Return the full listing character for character, without its pictures.

# DATA
──────────
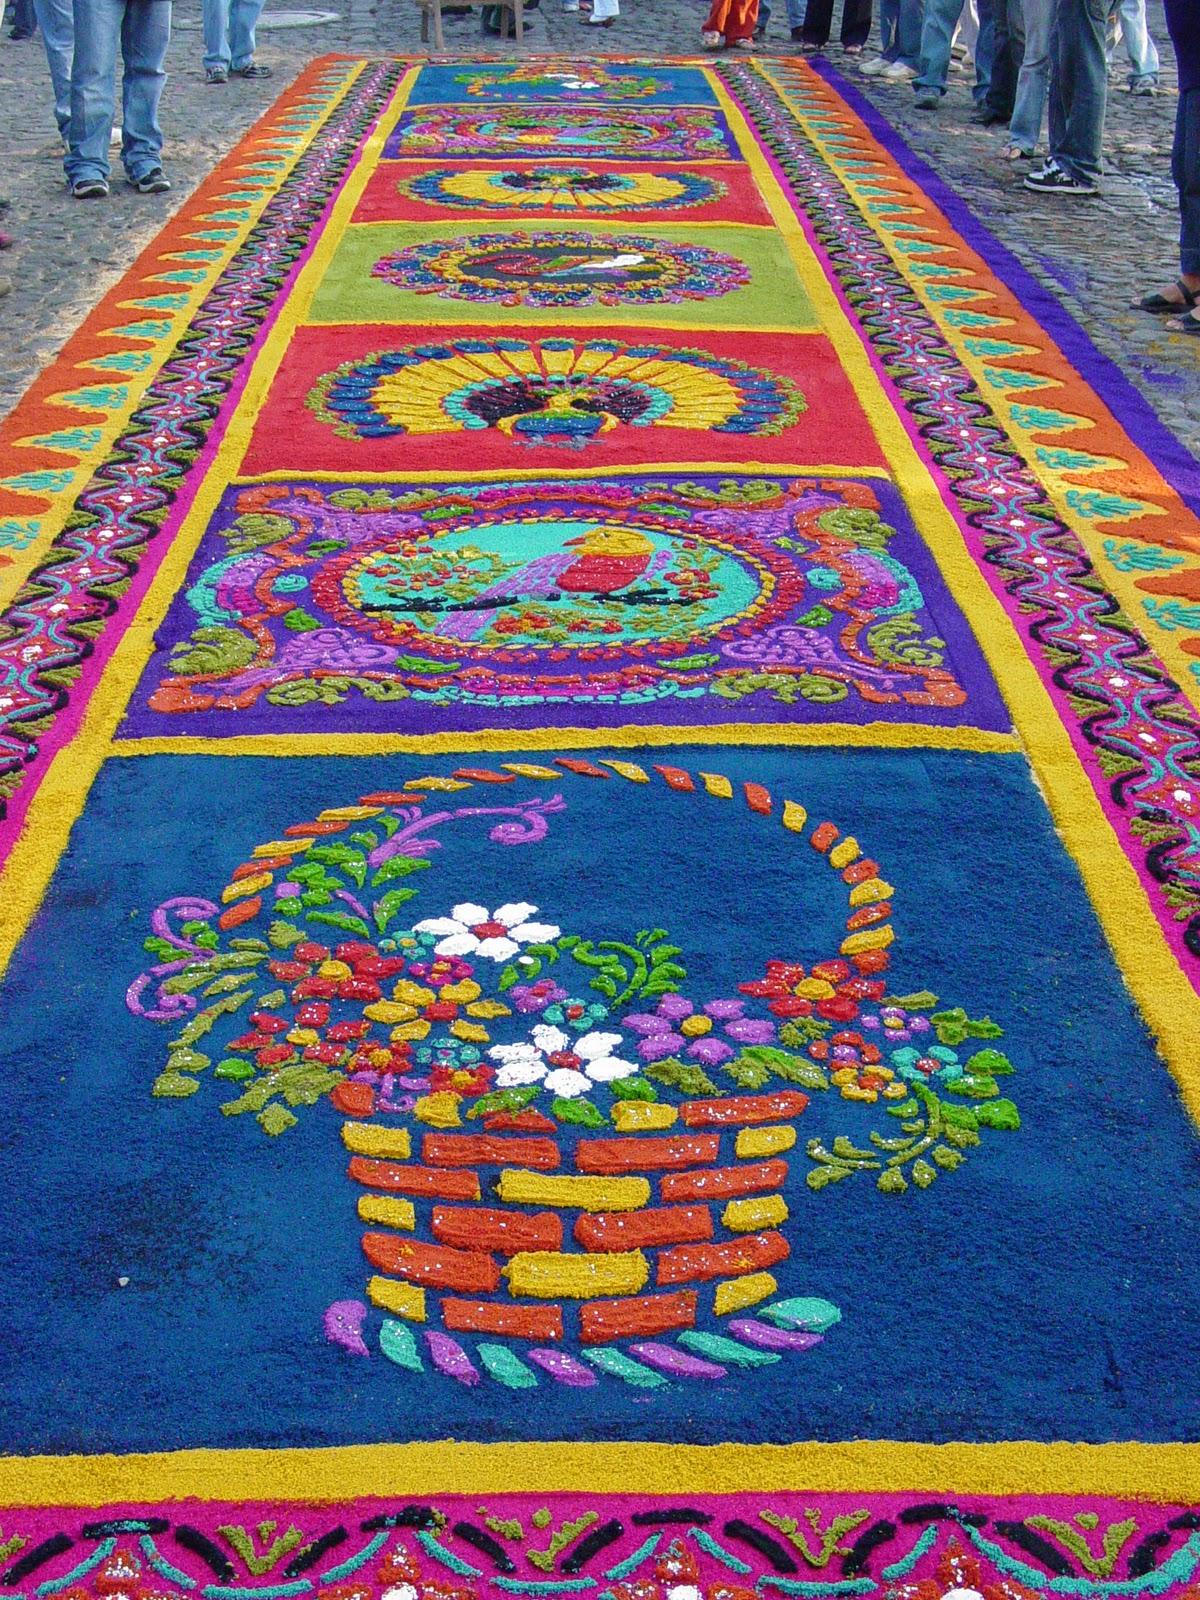 Guatemala en fotografia tradiciones semana santa for Alfombras turcas antiguas
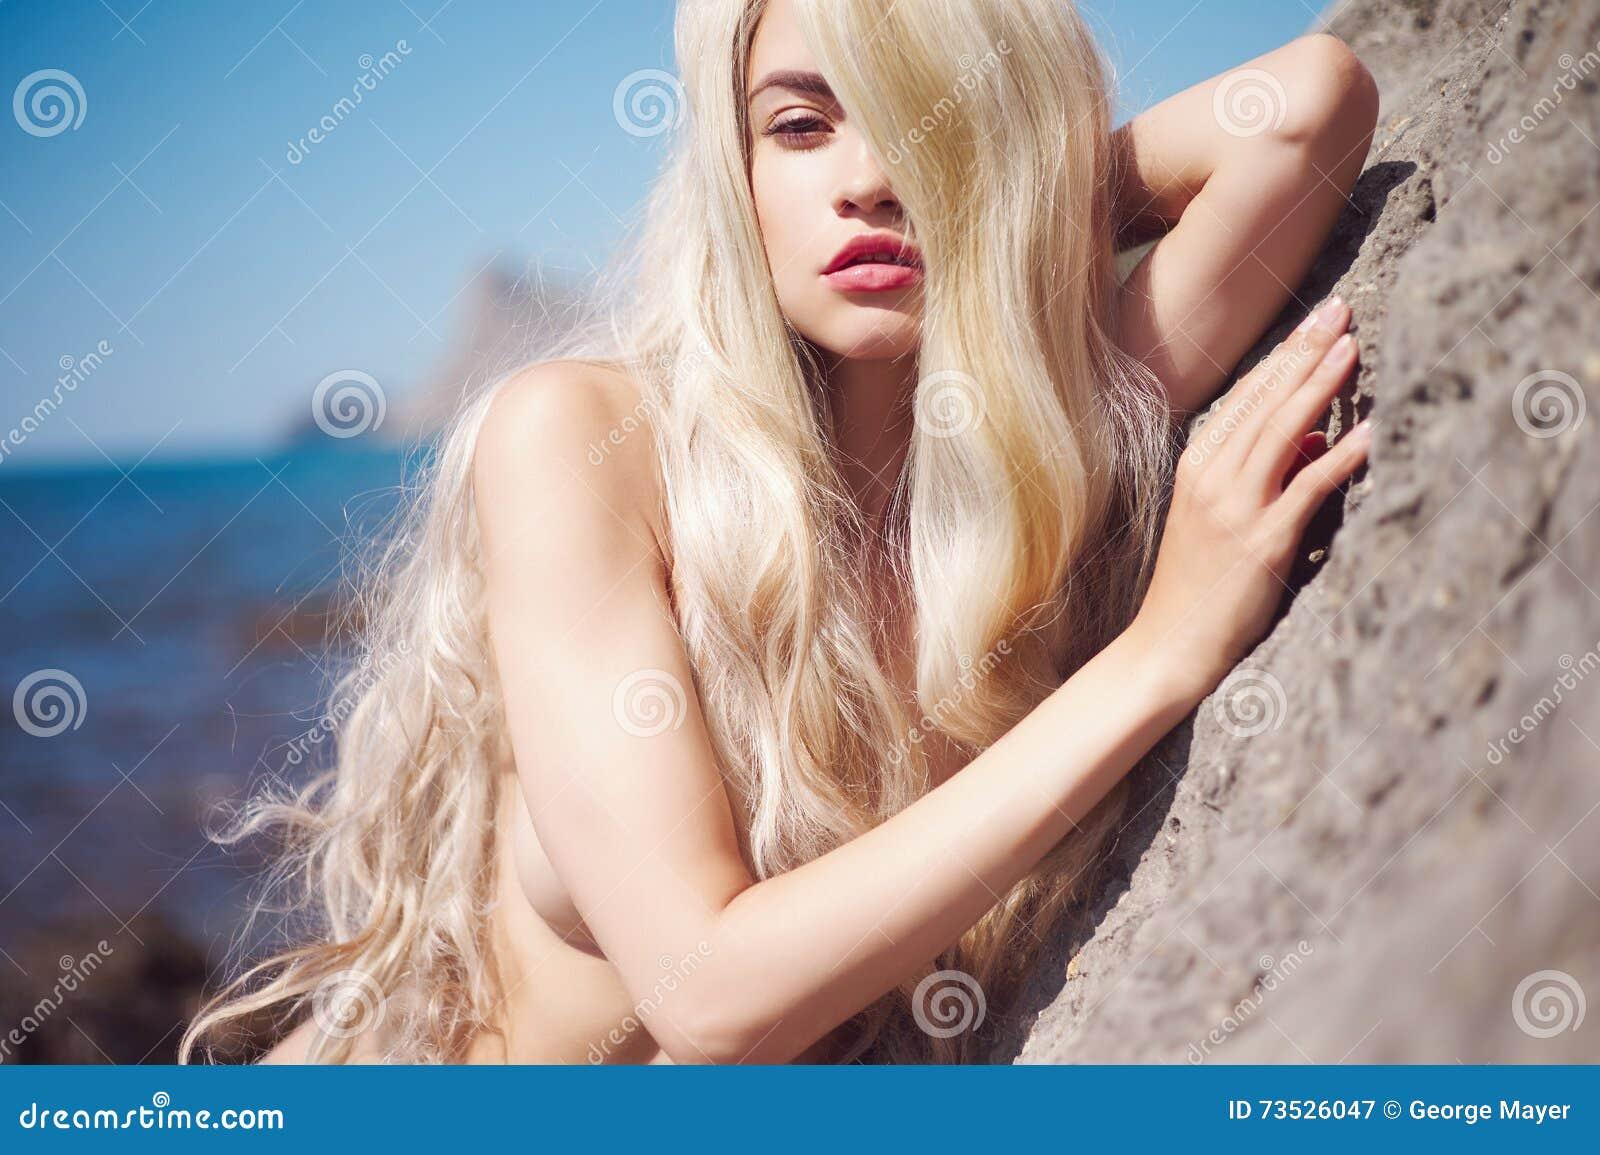 Hot asian girl nud
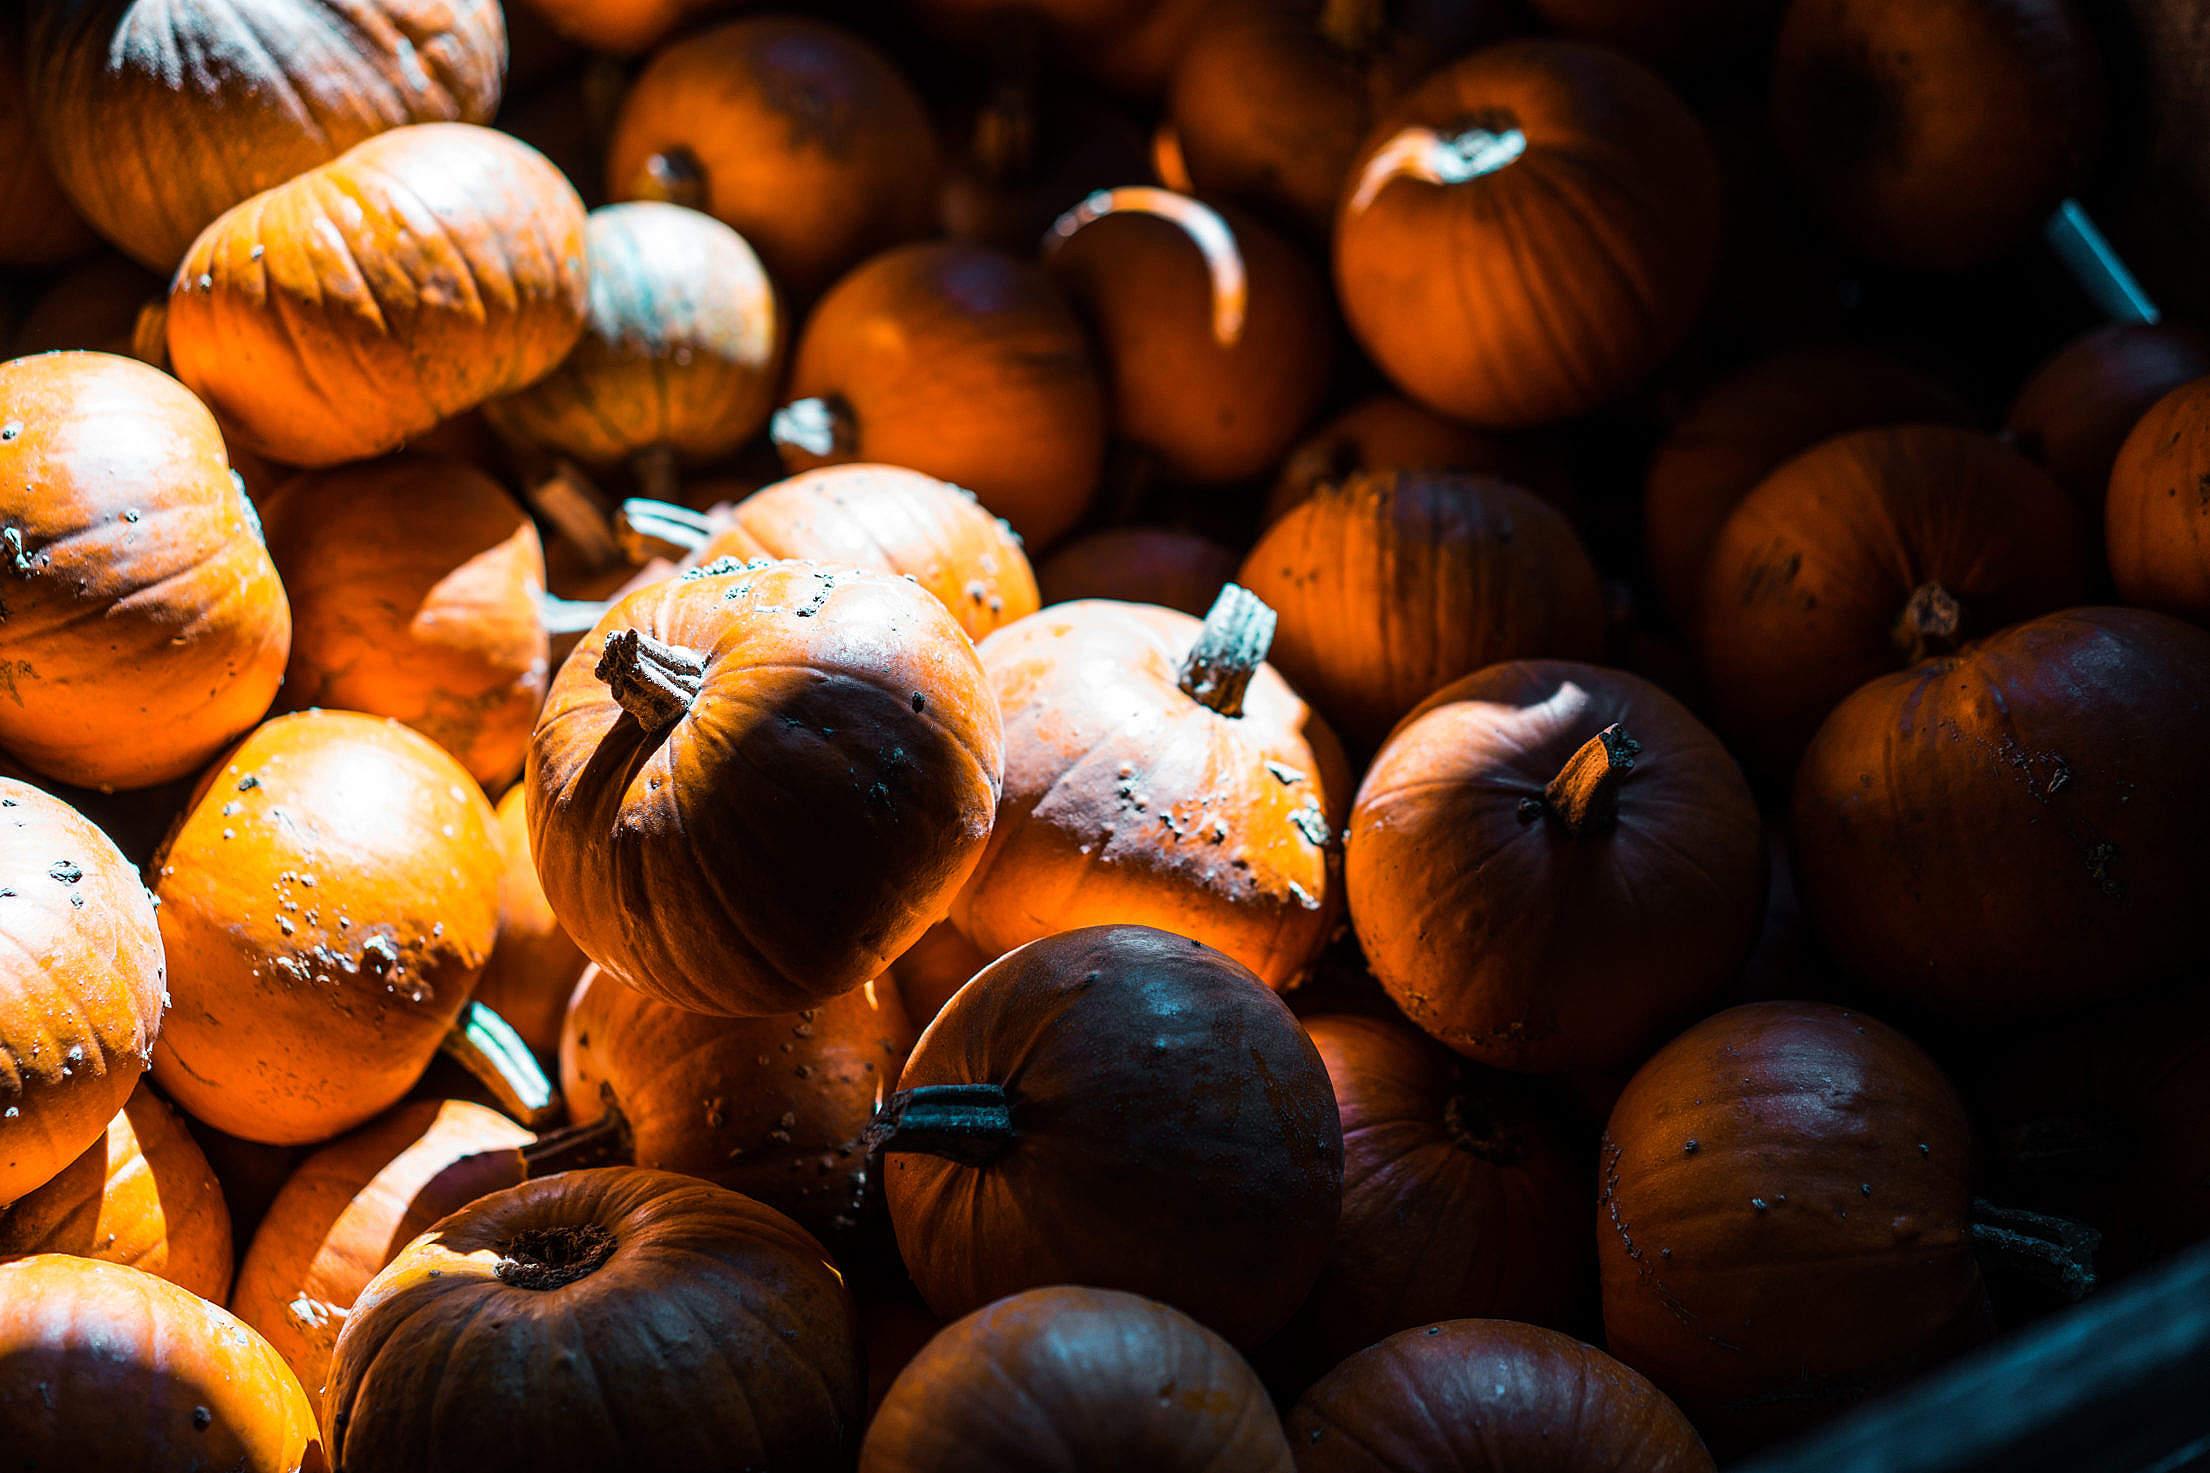 Pile of Pumpkins Free Stock Photo
──────────
# OUTPUT OF THE EXERCISE
 Guatemala en fotografia tradiciones semana santa for Alfombras turcas antiguas
 Hot asian girl nud
 Pile of Pumpkins Free Stock Photo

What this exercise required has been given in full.